**TASK TO COMPLETE**
Could you return all of the listing below exactly, please?

**DATA FOR THIS TASK**
== == ==

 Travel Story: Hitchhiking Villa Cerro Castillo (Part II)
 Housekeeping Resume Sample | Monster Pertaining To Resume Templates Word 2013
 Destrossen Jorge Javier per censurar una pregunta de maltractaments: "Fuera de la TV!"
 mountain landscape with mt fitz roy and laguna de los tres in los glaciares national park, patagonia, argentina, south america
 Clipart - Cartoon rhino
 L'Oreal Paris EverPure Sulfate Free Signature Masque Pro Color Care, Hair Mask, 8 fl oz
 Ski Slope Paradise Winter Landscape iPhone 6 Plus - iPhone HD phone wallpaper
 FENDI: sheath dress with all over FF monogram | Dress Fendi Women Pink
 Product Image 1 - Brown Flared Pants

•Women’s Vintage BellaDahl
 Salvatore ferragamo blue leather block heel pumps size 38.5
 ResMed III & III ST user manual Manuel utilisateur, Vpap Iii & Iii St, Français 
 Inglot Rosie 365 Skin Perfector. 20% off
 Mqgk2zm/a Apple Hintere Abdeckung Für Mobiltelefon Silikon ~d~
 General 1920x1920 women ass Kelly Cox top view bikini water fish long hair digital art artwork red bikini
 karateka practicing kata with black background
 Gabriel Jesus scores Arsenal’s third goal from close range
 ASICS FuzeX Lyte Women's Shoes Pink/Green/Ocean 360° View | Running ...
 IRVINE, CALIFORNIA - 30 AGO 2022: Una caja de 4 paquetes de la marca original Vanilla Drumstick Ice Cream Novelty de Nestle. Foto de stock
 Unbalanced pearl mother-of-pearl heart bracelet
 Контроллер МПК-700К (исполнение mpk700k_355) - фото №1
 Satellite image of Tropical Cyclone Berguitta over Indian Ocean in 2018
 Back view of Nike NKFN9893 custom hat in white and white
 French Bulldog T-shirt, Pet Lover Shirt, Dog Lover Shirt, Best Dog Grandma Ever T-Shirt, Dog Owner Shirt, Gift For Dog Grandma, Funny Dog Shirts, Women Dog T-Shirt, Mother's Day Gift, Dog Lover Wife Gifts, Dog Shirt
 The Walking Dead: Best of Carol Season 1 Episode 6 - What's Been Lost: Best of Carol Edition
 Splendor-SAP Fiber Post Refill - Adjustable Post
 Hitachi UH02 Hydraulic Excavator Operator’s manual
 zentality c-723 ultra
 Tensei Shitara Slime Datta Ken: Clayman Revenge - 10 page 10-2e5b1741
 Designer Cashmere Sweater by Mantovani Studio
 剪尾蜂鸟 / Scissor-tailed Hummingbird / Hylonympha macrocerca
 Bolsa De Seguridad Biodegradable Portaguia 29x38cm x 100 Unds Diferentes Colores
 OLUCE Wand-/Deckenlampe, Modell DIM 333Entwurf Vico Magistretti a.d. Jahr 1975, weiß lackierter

== == ==

**ANSWER FOR THE TASK**
 Travel Story: Hitchhiking Villa Cerro Castillo (Part II)
 Housekeeping Resume Sample | Monster Pertaining To Resume Templates Word 2013
 Destrossen Jorge Javier per censurar una pregunta de maltractaments: "Fuera de la TV!"
 mountain landscape with mt fitz roy and laguna de los tres in los glaciares national park, patagonia, argentina, south america
 Clipart - Cartoon rhino
 L'Oreal Paris EverPure Sulfate Free Signature Masque Pro Color Care, Hair Mask, 8 fl oz
 Ski Slope Paradise Winter Landscape iPhone 6 Plus - iPhone HD phone wallpaper
 FENDI: sheath dress with all over FF monogram | Dress Fendi Women Pink
 Product Image 1 - Brown Flared Pants

•Women’s Vintage BellaDahl
 Salvatore ferragamo blue leather block heel pumps size 38.5
 ResMed III & III ST user manual Manuel utilisateur, Vpap Iii & Iii St, Français 
 Inglot Rosie 365 Skin Perfector. 20% off
 Mqgk2zm/a Apple Hintere Abdeckung Für Mobiltelefon Silikon ~d~
 General 1920x1920 women ass Kelly Cox top view bikini water fish long hair digital art artwork red bikini
 karateka practicing kata with black background
 Gabriel Jesus scores Arsenal’s third goal from close range
 ASICS FuzeX Lyte Women's Shoes Pink/Green/Ocean 360° View | Running ...
 IRVINE, CALIFORNIA - 30 AGO 2022: Una caja de 4 paquetes de la marca original Vanilla Drumstick Ice Cream Novelty de Nestle. Foto de stock
 Unbalanced pearl mother-of-pearl heart bracelet
 Контроллер МПК-700К (исполнение mpk700k_355) - фото №1
 Satellite image of Tropical Cyclone Berguitta over Indian Ocean in 2018
 Back view of Nike NKFN9893 custom hat in white and white
 French Bulldog T-shirt, Pet Lover Shirt, Dog Lover Shirt, Best Dog Grandma Ever T-Shirt, Dog Owner Shirt, Gift For Dog Grandma, Funny Dog Shirts, Women Dog T-Shirt, Mother's Day Gift, Dog Lover Wife Gifts, Dog Shirt
 The Walking Dead: Best of Carol Season 1 Episode 6 - What's Been Lost: Best of Carol Edition
 Splendor-SAP Fiber Post Refill - Adjustable Post
 Hitachi UH02 Hydraulic Excavator Operator’s manual
 zentality c-723 ultra
 Tensei Shitara Slime Datta Ken: Clayman Revenge - 10 page 10-2e5b1741
 Designer Cashmere Sweater by Mantovani Studio
 剪尾蜂鸟 / Scissor-tailed Hummingbird / Hylonympha macrocerca
 Bolsa De Seguridad Biodegradable Portaguia 29x38cm x 100 Unds Diferentes Colores
 OLUCE Wand-/Deckenlampe, Modell DIM 333Entwurf Vico Magistretti a.d. Jahr 1975, weiß lackierter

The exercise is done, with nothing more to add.